Friday, September 2, 2016

Varieties Adapted to Front Range Colorado

Amy's Apricot tomato
Cherry tomatoes are convenient for many people and golden cherry tomatoes have been of interest. Sun Gold is one that seems to do well in Denver and has become popular.

This year I tried another heirloom, Amy's Apricot, that did equally as well and has excellent flavor. An indeterminate type like Sun Gold, the only concern for some may be that Amy's Apricot is is 10 days later at 74 days versus Sun Gold at 55 to 65 days. Tomatofest.com carries Amy's Apricot seed.

Caroline fall bearing raspberry
Switching to small fruit, your fall bearing raspberries should be yielding well by now. If you are still growing Heritage red raspberry, consider switching to an earlier bearing variety when you pull out plants (generally necessary due to virus buildup after 10 years or so).

Newer fall raspberry varieties such as Caroline, Jaclyn and Autumn Britten bear fruit 2 weeks earlier. Late bearing Heritage has always been problematic with coming into bearing when frost danger may threaten in mid to late September.

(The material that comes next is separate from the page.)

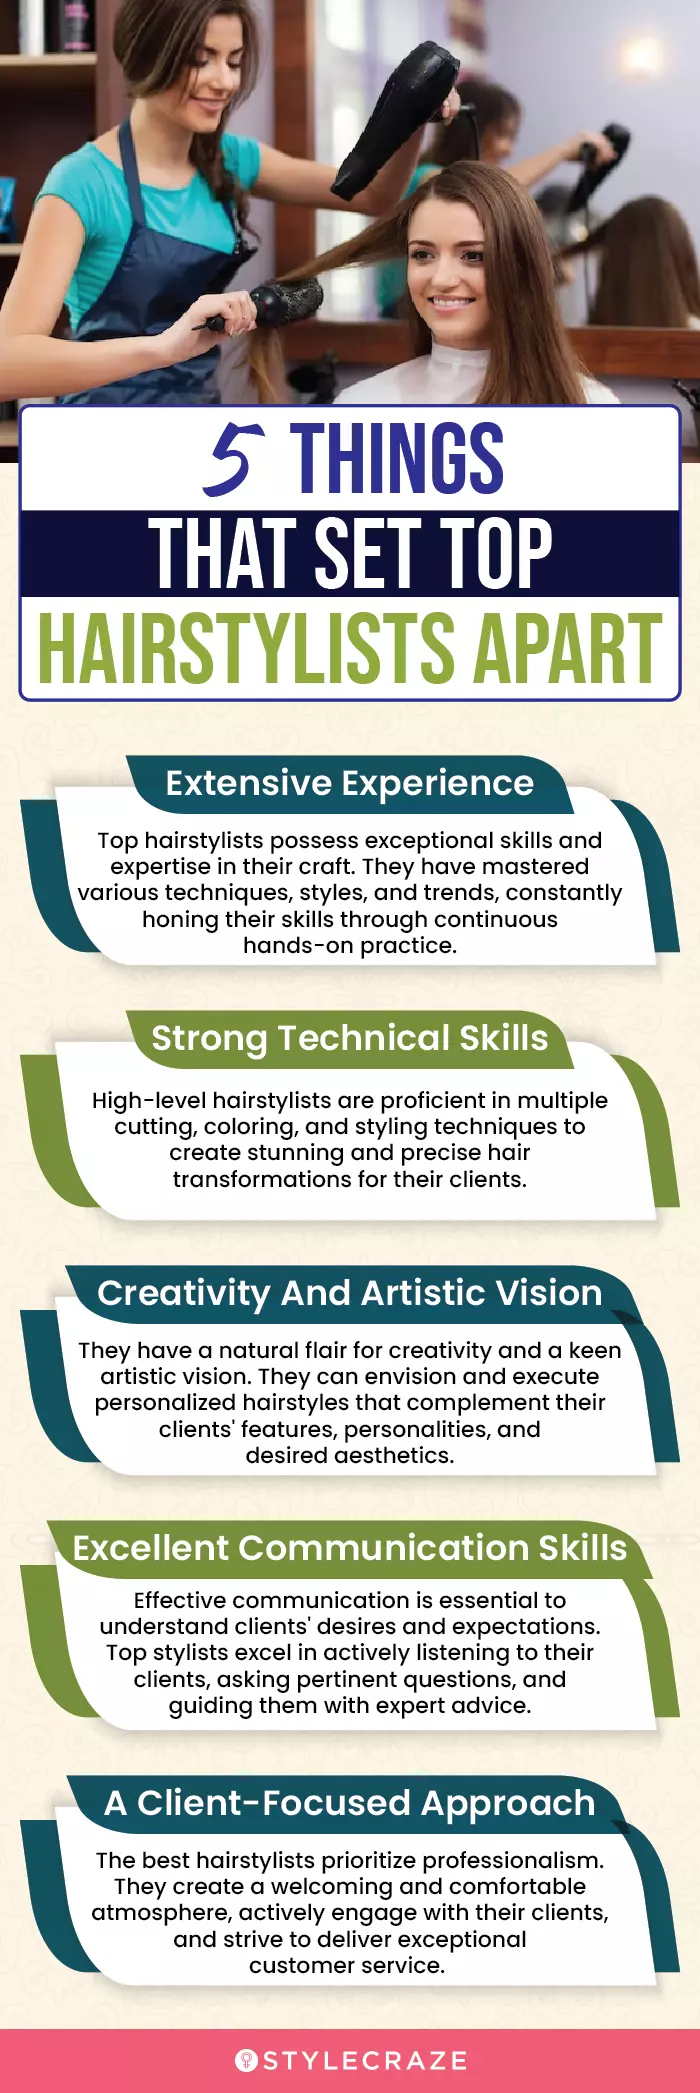 5 things that set top hairstylists apart (infographic)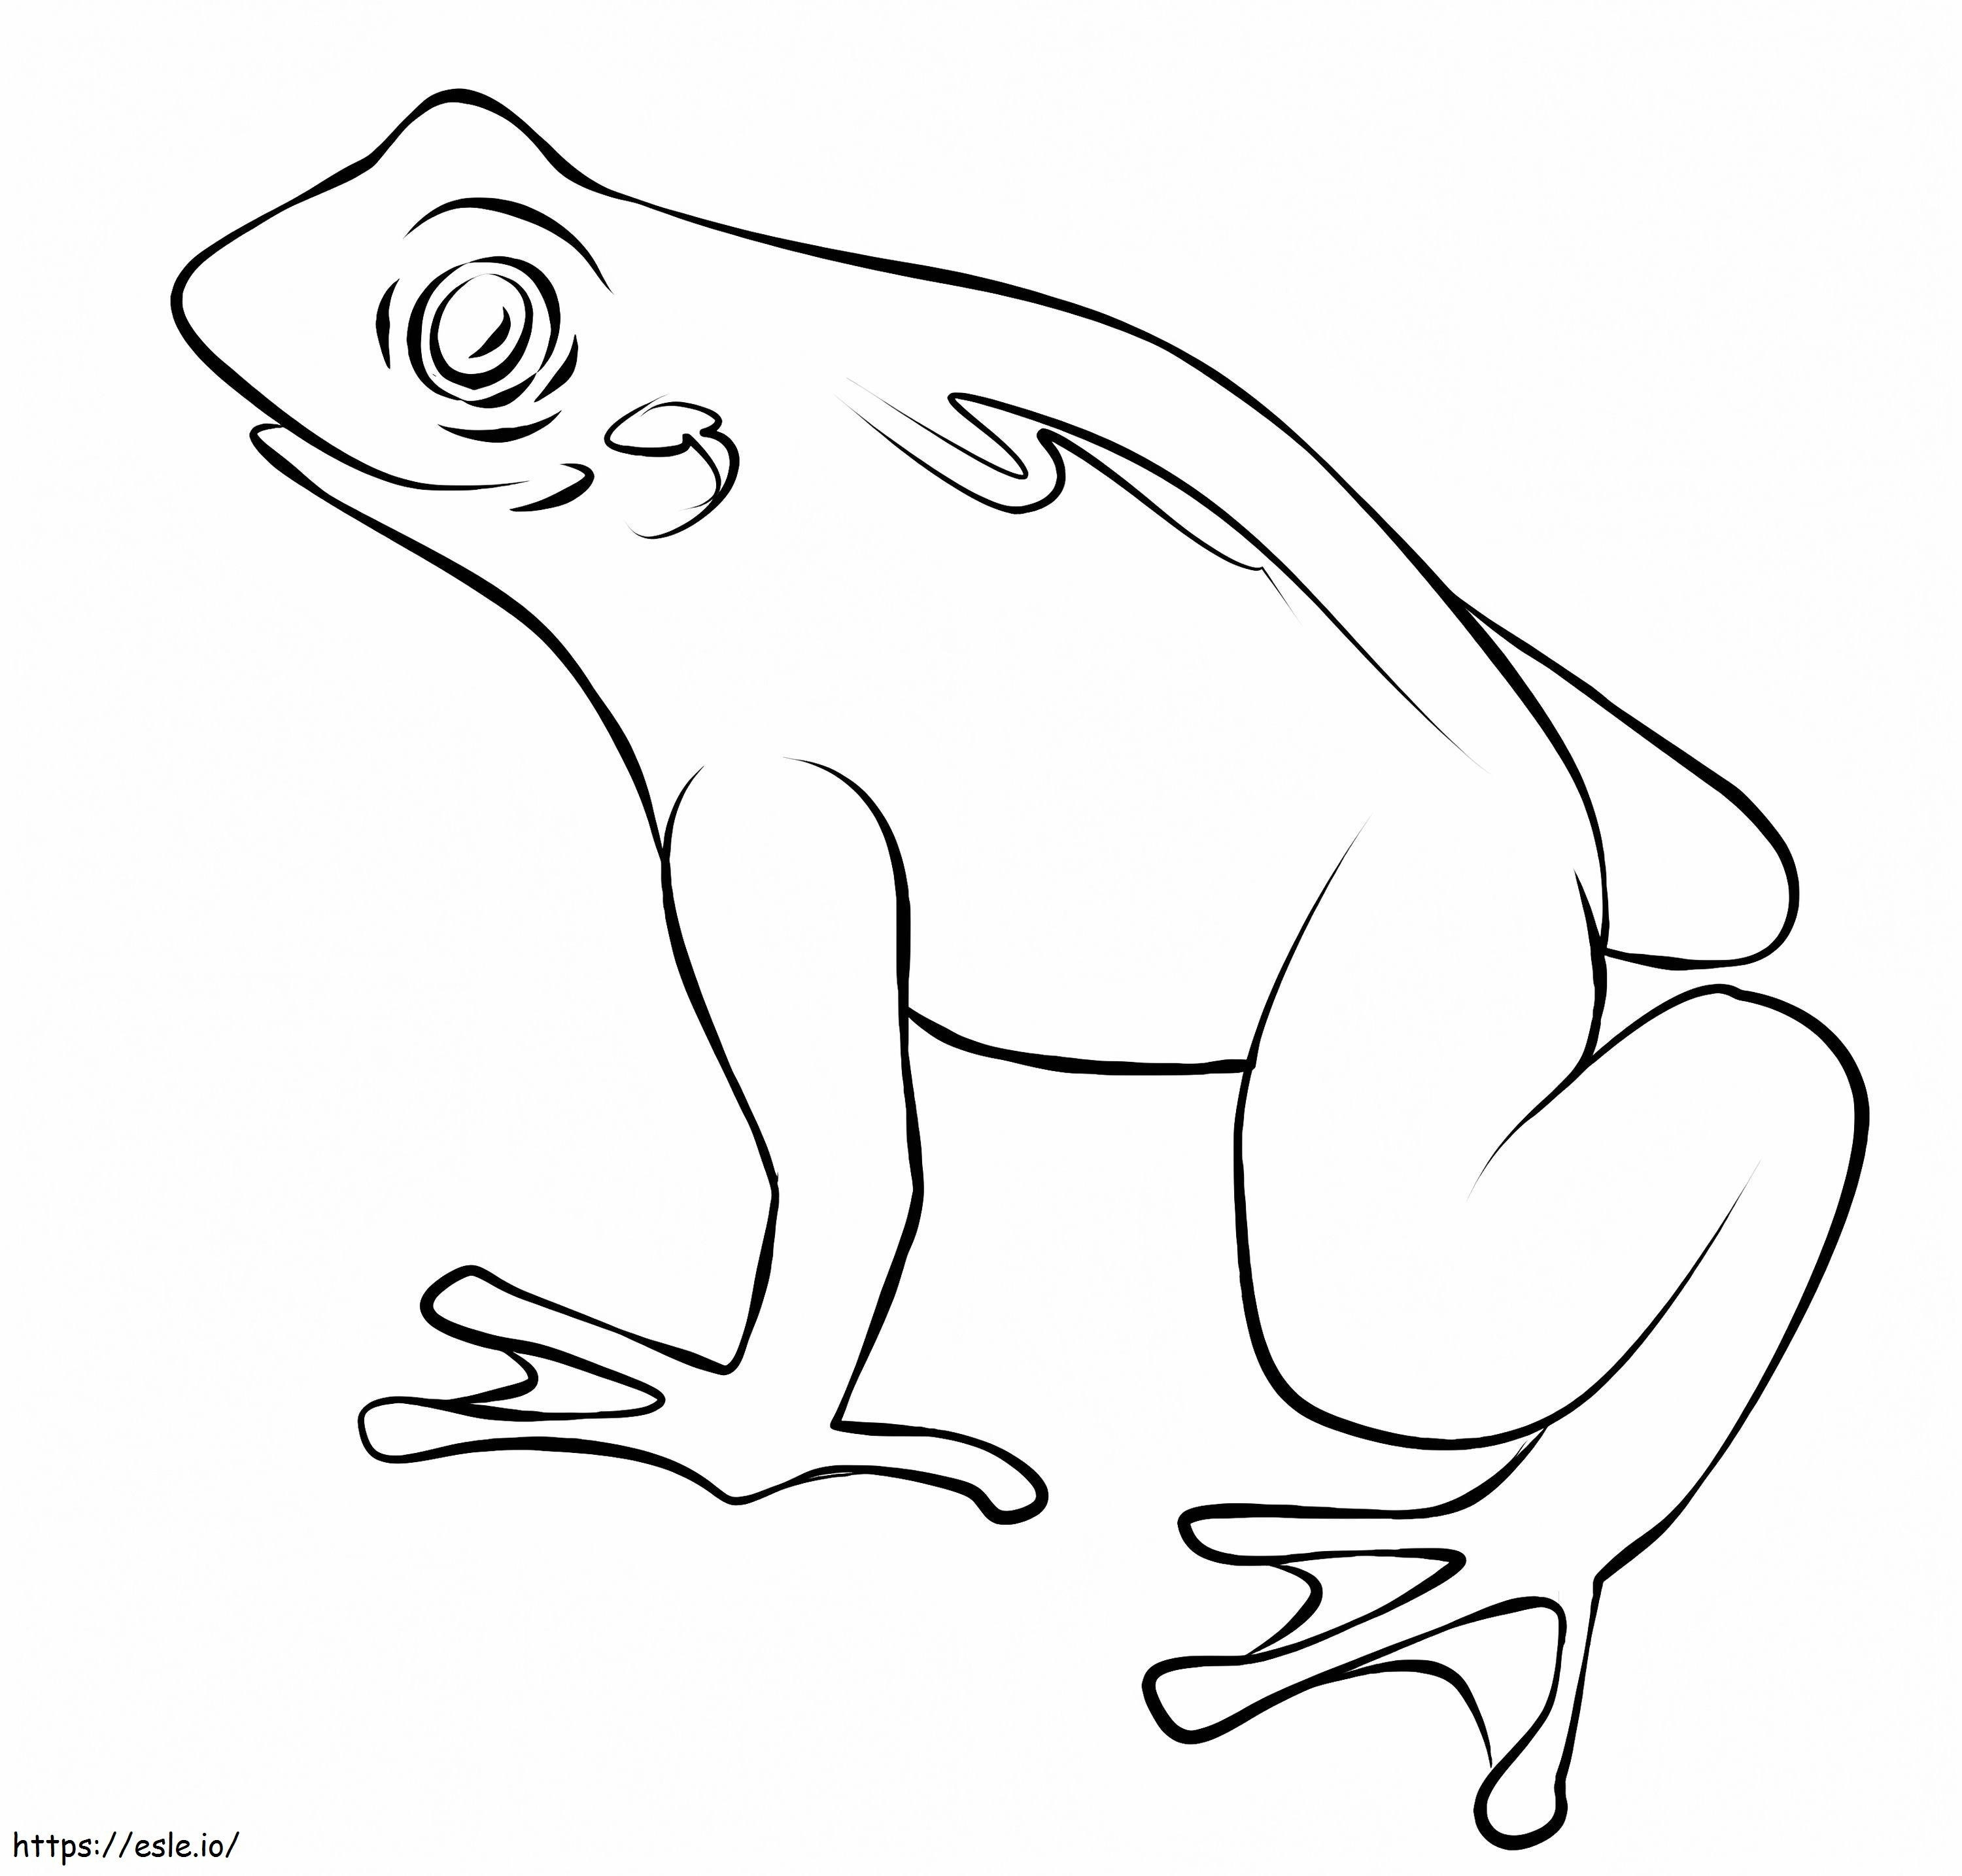 Smile Toad coloring page

Fall bearing raspberries are generally recommended in Colorado because they bear on first year canes; you don't need to worry about winter-kill of canes or buds as you do with summer bearing types that don't bear until their second year. Fall bearing types are easy for pruning too because canes are cut to the ground every year in December/January and regrow to produce a crop the next season.